Four major companies have consistently performed better than their peers in at least three bearish phases witnessed by the market in the past decade, an ET analysis shows.
HDFC Bank, Hero Honda Motors, Tata Power Company and ITC have outperformed the broader Sensex in the bear phase which began in April 2000 and lasted till April 2003; in the short but intense bearish spell of May-June 2006 and in the current phase which began in January this year.
ET analysed the performance of all BSE 100 companies during the three phases of the market. First the companies’ market performance was considered, then the financial performance. The stock prices of these companies were compared with that of the benchmark Sensex.
“Management quality is the most important saviour for companies in all business cycles and phases of market. In fact, it helps companies to come out with full strength when the market is in punishing mood. Companies such as HDFC Bank, Hero Honda Motors, Tata Power and ITC have outperformed the Sensex are the testimony to this fact," says Kaushal Shah, deputy-head, research, LKP Shares.
Factors that have worked for these companies are their cash-generating ability, dividend-paying record and more importantly their ability to diversify or protect their core business with new products.
Take the case of Hero Honda Motors. The company gained 1.73 per cent in April 2000-2003 period, when the market fell by 37.64 per cent while in the current phase, the stock has gained 8 per cent though the overall market has fallen more than 50 per cent. It has a record of consistent cash generation and dividend payment.
Hero Honda has also launched new vehicles and variants (added enhanced features) of its existing products.

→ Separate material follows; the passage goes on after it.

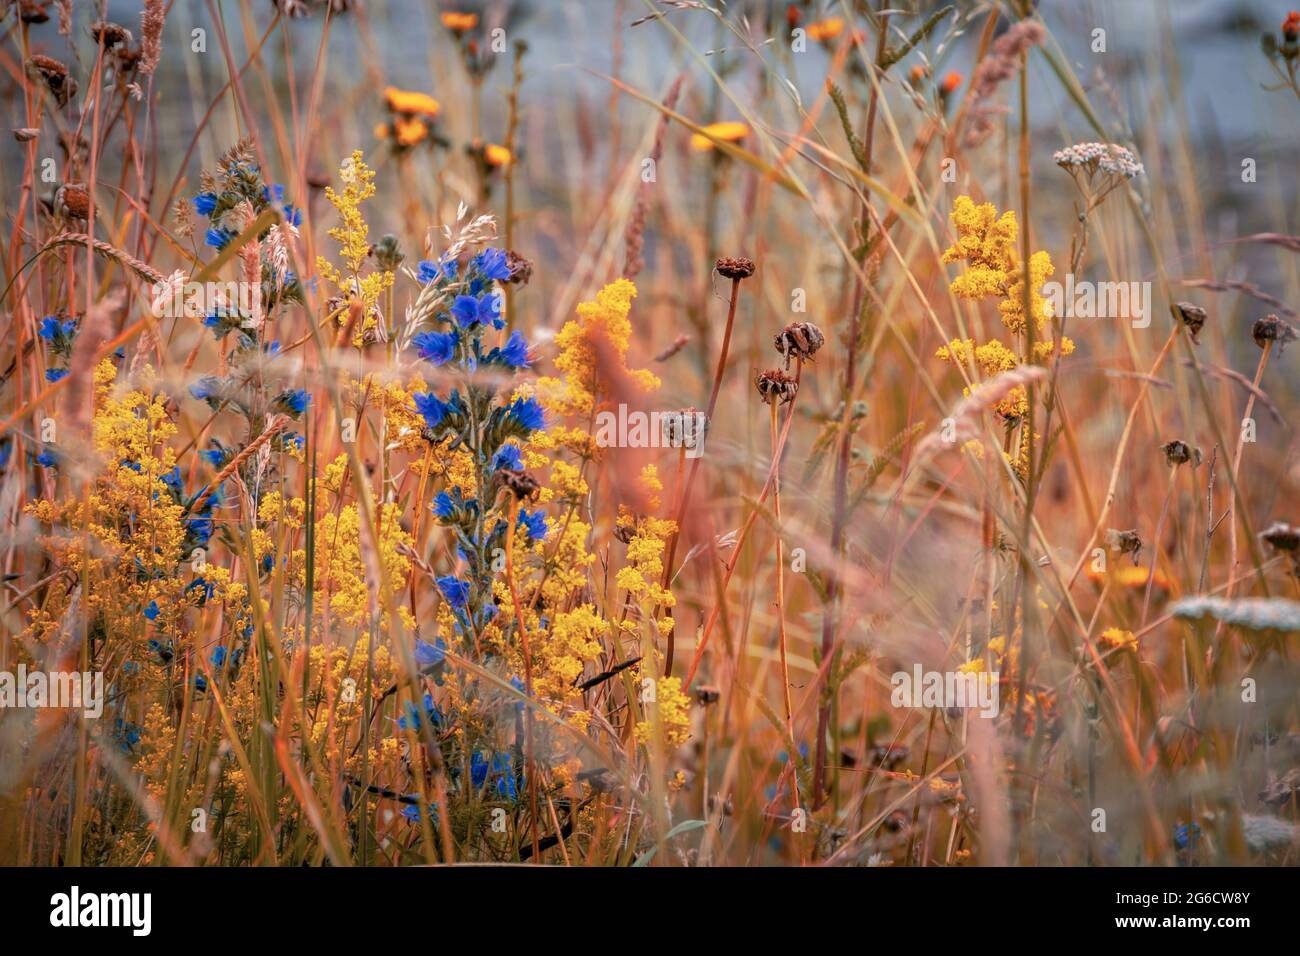 Britische Wiese im Sommer mit wilden Blumen und Gräsern, Viper's Bugloss, Stockfoto
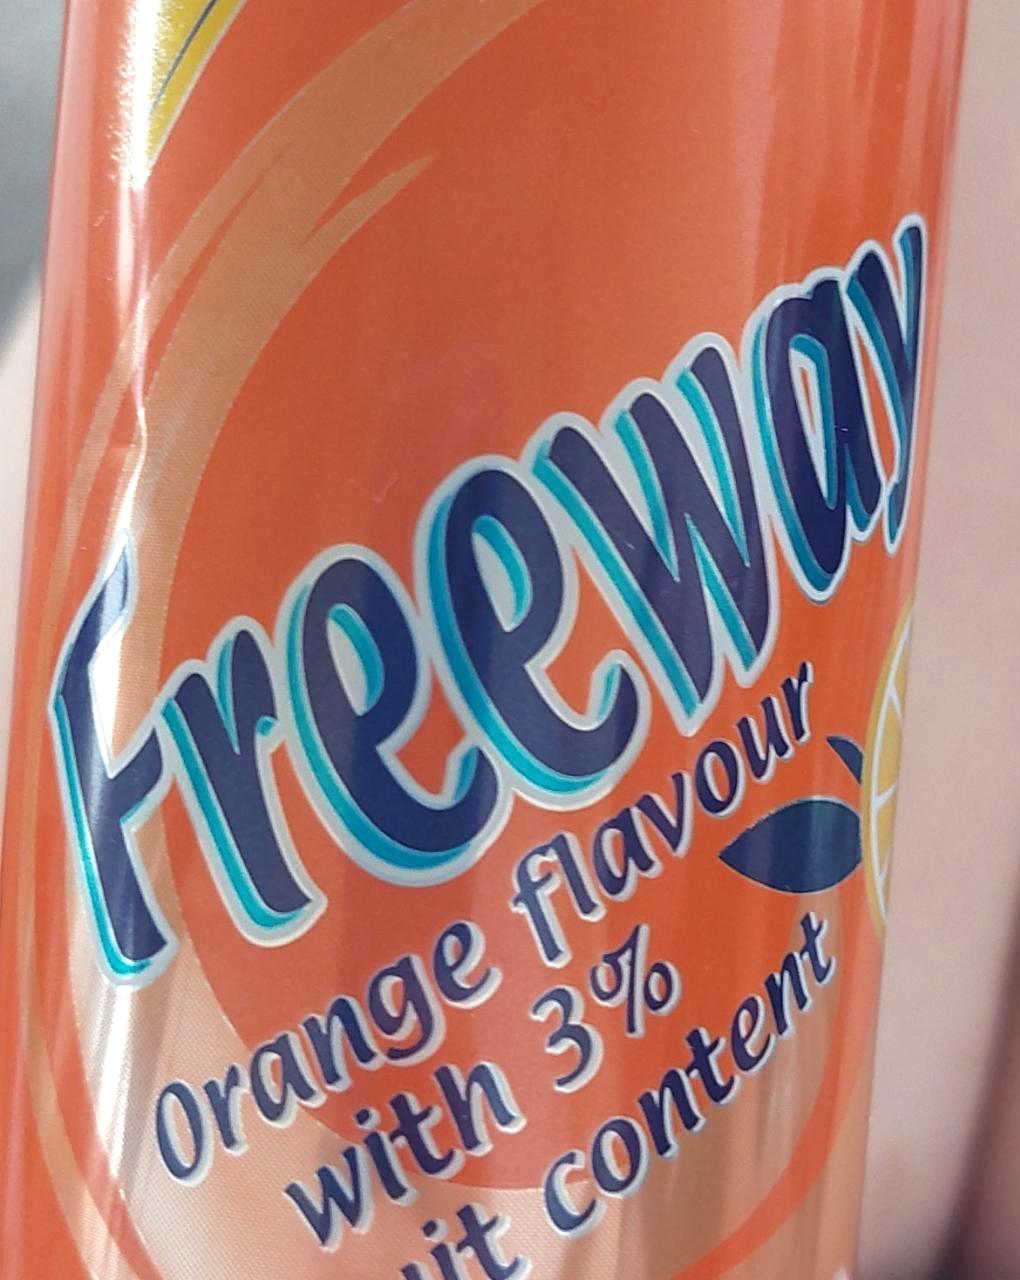 Képek - Freeway orange flavour with 3% fruit content

In the past eight years, the company has been giving more than 100 per cent dividend on an average. In the last two years March 2007 and March 2008, the company gave 850 per cent and 950 per cent dividend respectively.
Tata Power gained 73 per cent in the April 2000-2003 period, while it fell marginally less than the Sensex in the current phase. While the Sensex fell 54 per cent, Tata Power has slipped 52.78 per cent.
When the market fell by 37.64 per cent in April 2000-2003, the ITC stock fell by 13.32 per cent. And in the current phase, it has fallen by 21.85 per cent whereas the Sensex fell by 54 per cent.
The core thing that has worked for ITC is the steady cash earned by its main tobacco business. This business earns more than 70 per cent of thecompany’s earnings before interest tax and depreciation.
HDFC Bank gained 1.38 per cent in April 2000-2003 versus a 37 per cent fall in the Sensex. HDFC Bank has fallen 44.77 per cent in the current phase compared with a 54 per cent fall in the Sensex. The bank has consistently maintained its net interest margin (NIM).
Says an analyst with a broking firm, "The crucial thing that has worked for HDFC Bank is its branch and distribution network. The bank has been conservative in its approach and it has scrupulous and consistent on the profile of the customer."
More so, a glance through the companies and their respective sectors performance reveals that these companies have also outperformed their respective sectors in key parameters such as net profit and sales growth.
In the past eight years, HDFC Bank's sales and PAT have grown at a CAGR of more than 40 per cent respectively. Hero Honda Motors and Tata Power have seen CAGR growth (sales, PAT) of more than 25 per cent, while ITC has seen CAGR growth of more than 18 per cent in sales and PAT.